Придя в БДТ, Товстоногов заново открыл сороколетнего актера. Роли на Копеляна посыпались как из рога изобилия. «Шестой этаж», «Когда цветет акация», «Сеньор Марио пишет комедию»…
Актер и режиссер Артем Карапетян вспоминал: «Во время одной из встреч Фима рассказал, как репетировали в БДТ спектакль “Скованные одной цепью”. Фабула пьесы заключалась в том, что два человека – негр и белый расист – оказались пленниками, которых сковали одной цепью, определив им общую рабскую судьбу. Ненавидя друг друга, они обречены быть вместе. Совершив побег, эти двое вынуждены действовать совместно. В результате общая беда примиряет врагов. Репетируя пьесу, Ефим Копелян и Павел Луспекаев, игравшие двух героев, связывали себя за руки и подолгу бегали по лестницам театра, после чего изможденные, достигнув соответствующего физического состояния, выходили на сцену репетировать эпизоды побега. Разумеется, на спектакле бегать уже не приходилось, но эмоциональная память помогала сохранить физическое состояние, наработанное во время репетиции. Такую изнурительную репетицию придумал Павел Луспекаев».
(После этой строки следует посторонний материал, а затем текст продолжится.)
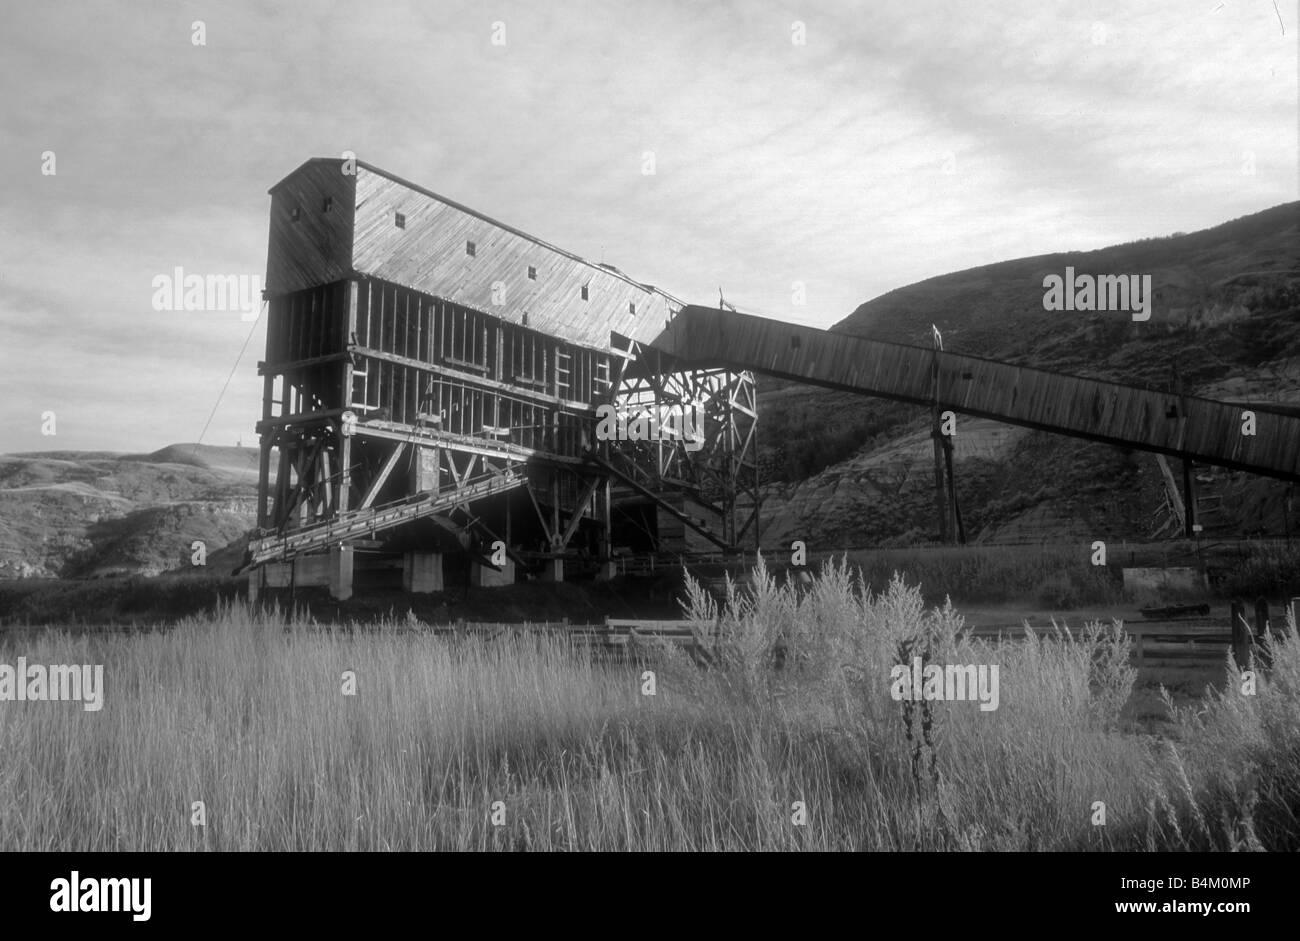 The historic tippler of Atlas Coal Mines, Drumheller AB - Stock Image

Звездная роль Ильина в «Пяти вечерах» сделала Копеляна кумиром женской театральной публики. К слову, в этой легендарной постановке играла и его Люся – роль Кати, в которой изначально видела себя Зинаида Шарко.
«Копелян не выделялся ни высоким ростом, ни красивой внешностью, ни громким голосом, – отмечает Олег Басилашвили. – На сцене он был прост и, казалось, маловыразителен, однако его персонажи всегда жили насыщенной внутренней жизнью. Каждая из его ролей была откровением, но все его персонажи были похожи только на одного человека – на Ефима Копеляна».
Копеляна часто называли советским Жаном Габеном. Но Зинаида Шарко справедливо протестовала, заявляя: «Жан Габен – это их Фима Копелян!»
В свою очередь, Товстоногов, говоря о своем любимом артисте, отмечал: «Удивительная личность этого человека проявлялась во всех характерах, которые он создавал, и эта мощная индивидуальность и была главным свойством артиста Копеляна».
Получив роль Вершинина в «Трех сестрах», Копелян довольно жестко высказался о героях этого произведения.
– Мы должны разобраться, как мы относимся к этим людям, – говорил Товстоногов на традиционном обсуждении будущей постановки.
– Если решать традиционно, то выйдет, что все они милые и хорошие, несчастные, ни в чем не виноватые, – отозвался Ефим Захарович. – Можем скатиться к традиции показывать переживания людей, которым почему-то нехорошо. Условия социальные на них действуют… Большинство из них сами виноваты во всем, виноваты в том, что они бездеятельны!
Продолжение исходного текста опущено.